Edwards, for her part, was gracious about the speed of the eventual fix. But the underlying complaint she raised is the one worth keeping. Washington markets itself as welcoming to immigrants, and the people most dependent on a working Spanish-language line are exactly the residents least able to fall back on the English menu. For months, the state's answer to "can I get help in Spanish" was a robot mispronouncing English at them.
Why it belongs here
No one was financially ruined and nothing was breached, so this sits at the lighter end of the graveyard. But it is a clean, almost pedagogical example of an AI deployment failure in a public service: an automated, AI-driven system rolled out in front of citizens, promising capabilities (10 languages) it was not actually delivering, with no apparent quality check in the very languages it claimed to support.
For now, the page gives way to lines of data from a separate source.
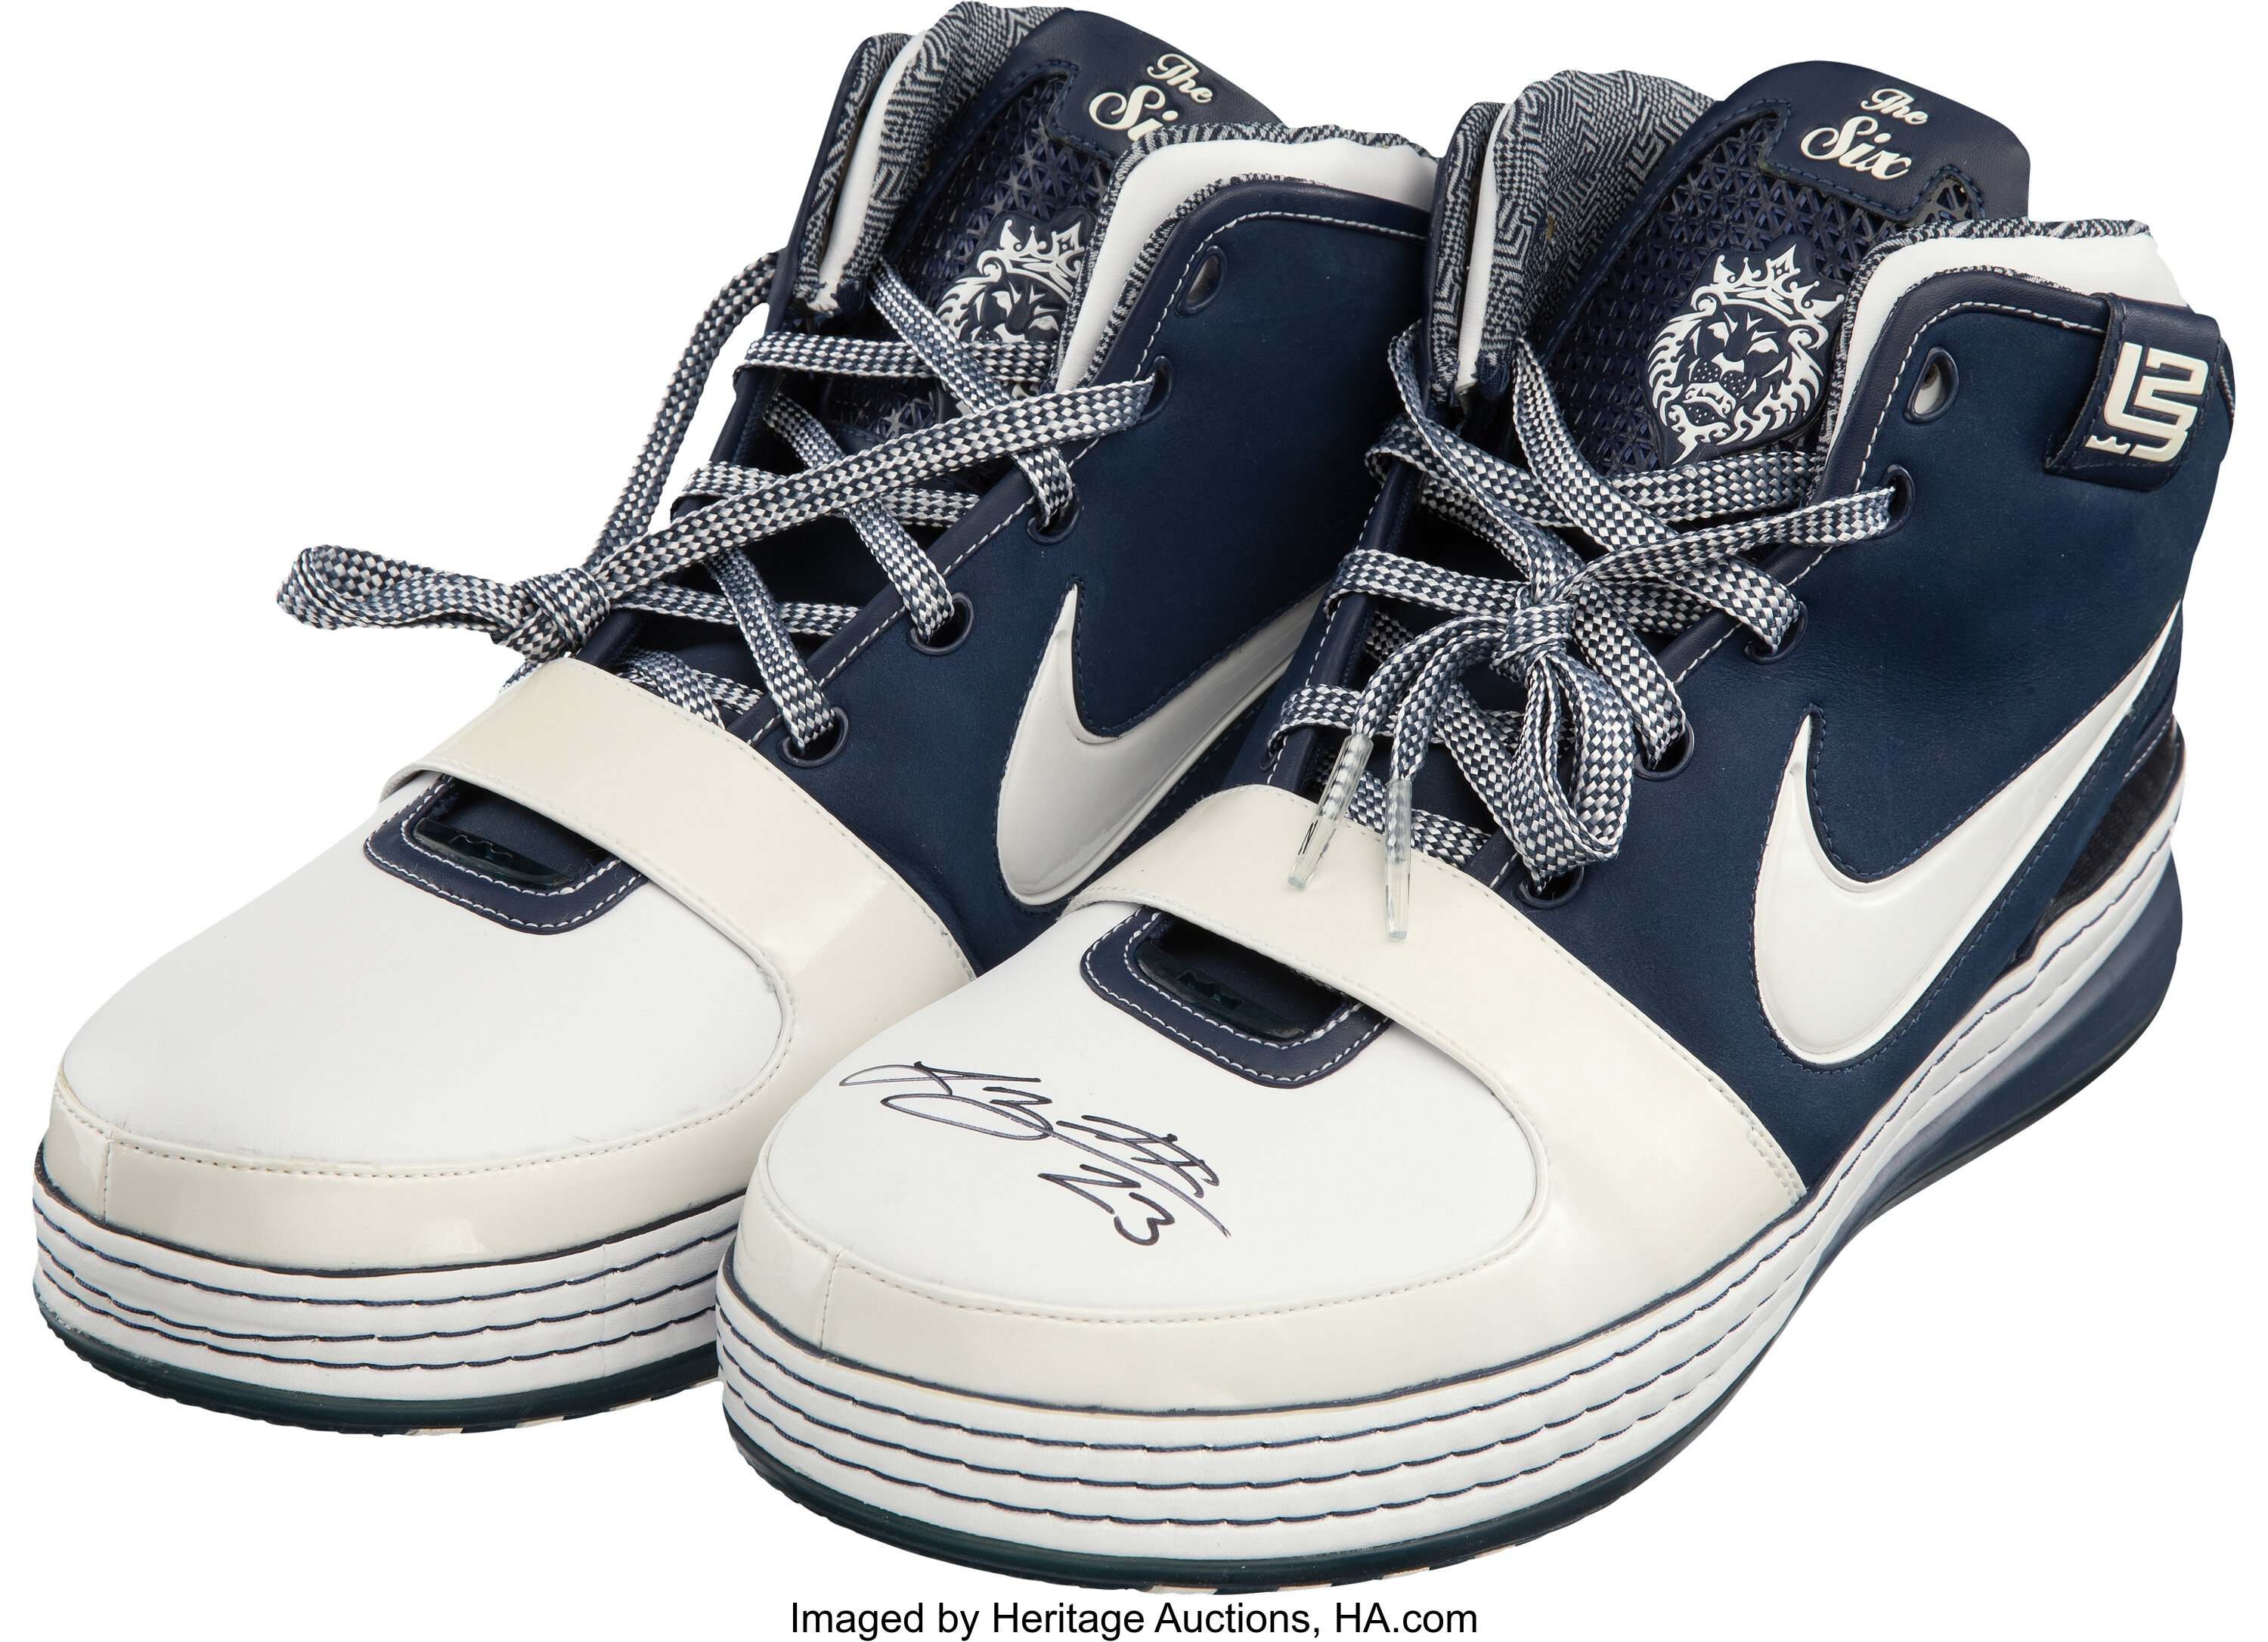 2008 LeBron James Signed Nike Zoom LeBron VI New York Yankees
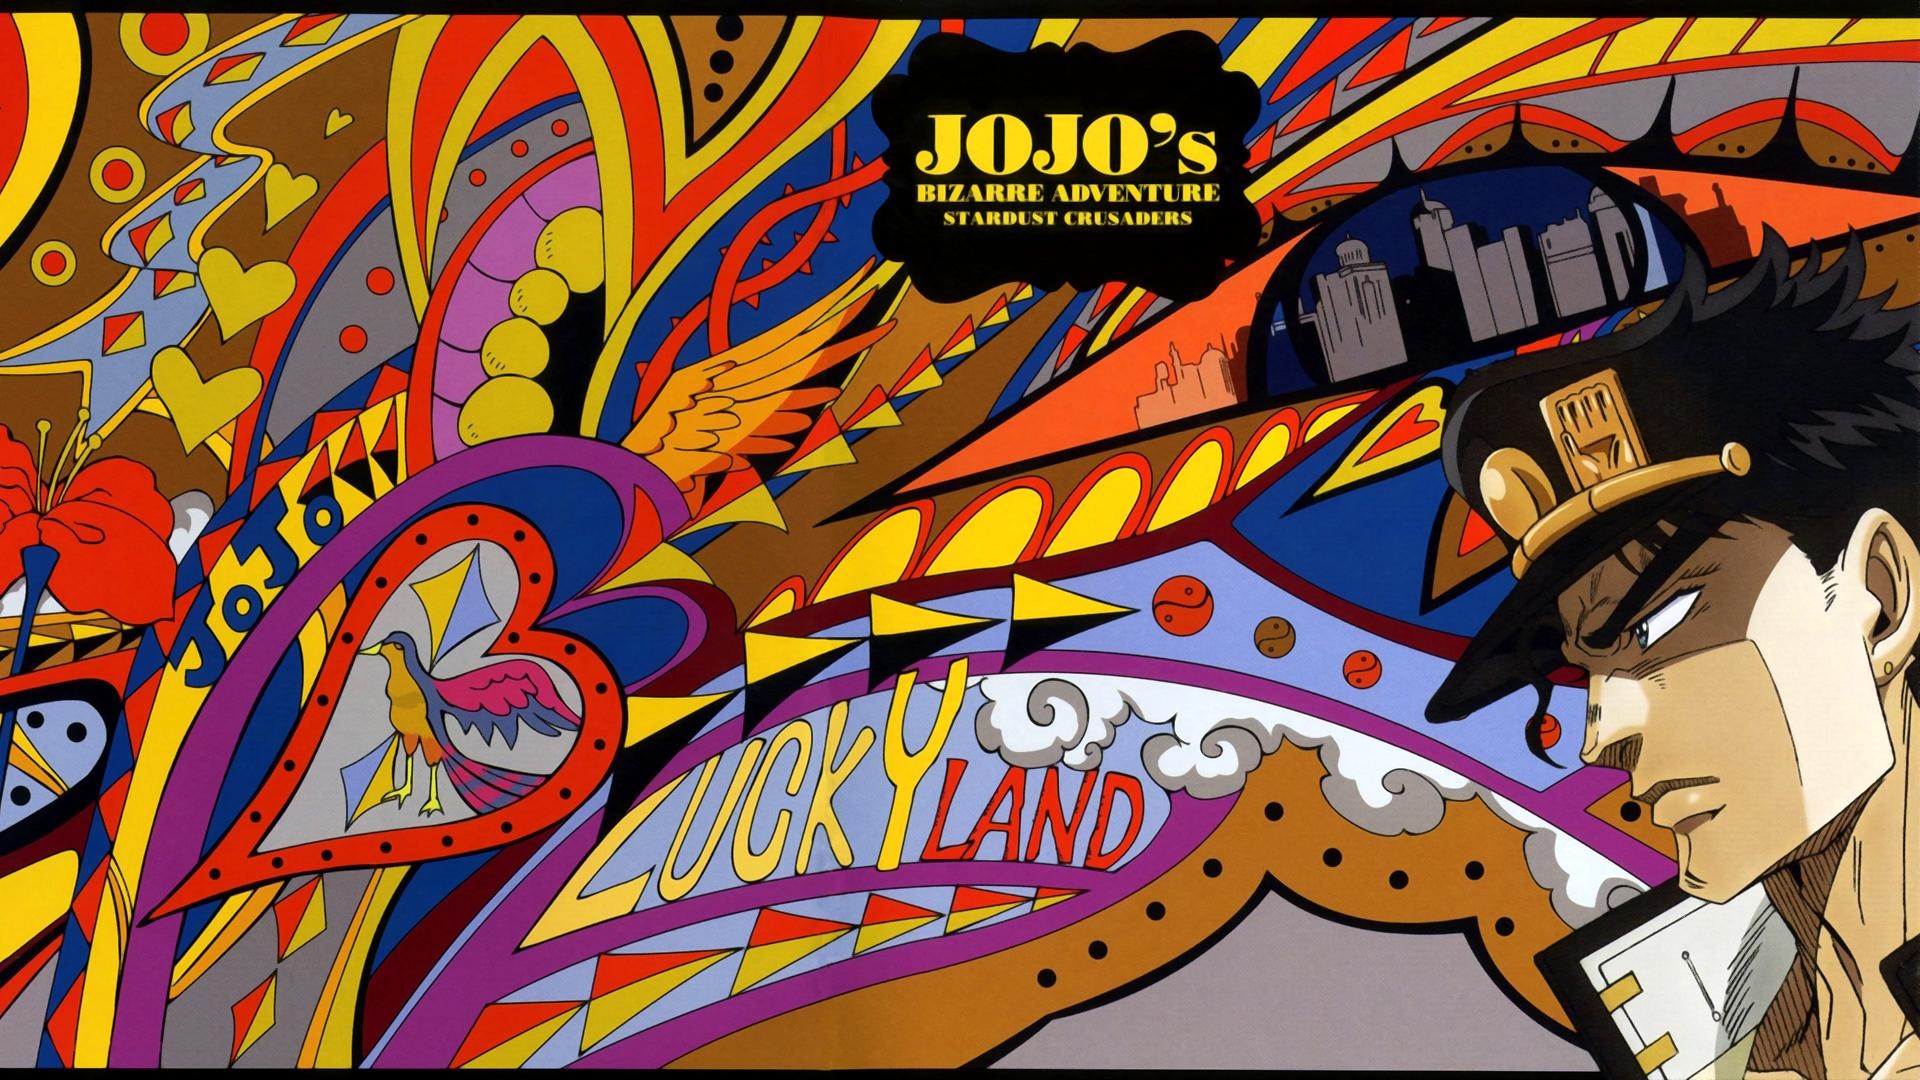 Jojo Bizarre Adventure wallpaper ·① Download free awesome full HD
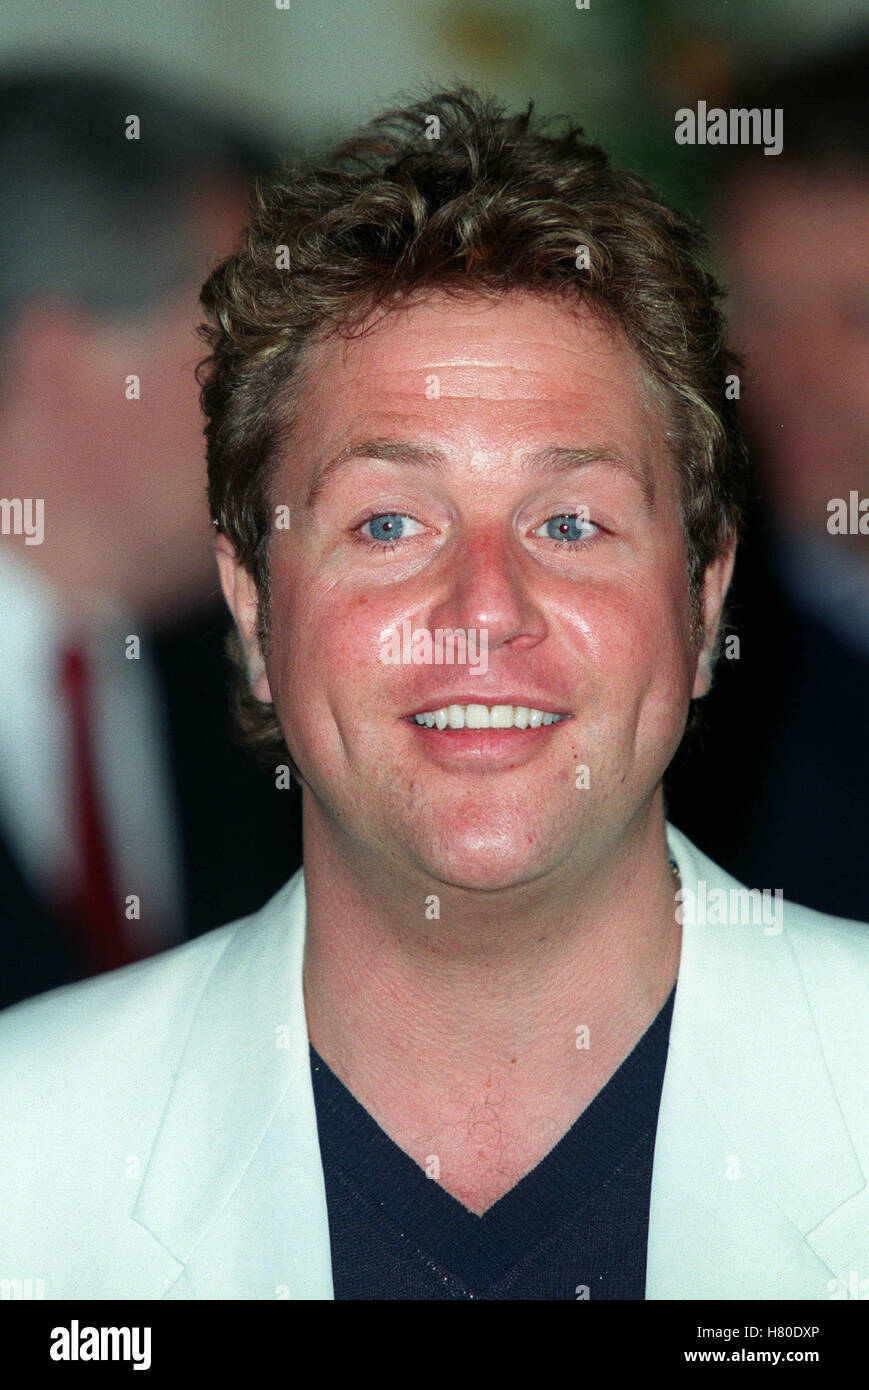 MICHAEL BALL LONDON ENGLAND 25 June 1999 Stock Photo - Alamy

The fix was trivial once someone looked. The failure was that, for months, nobody official did, and it took a viral video to make a government agency dial its own Spanish line.
The lesson for anyone deploying AI voice or translation in front of the public is almost insultingly simple. Test the thing in every language you advertise, from the user's seat, before you ship it. A text-to-speech engine will read whatever you give it with total confidence. Confidence is not comprehension, and "press uno" is what happens when you confuse the two.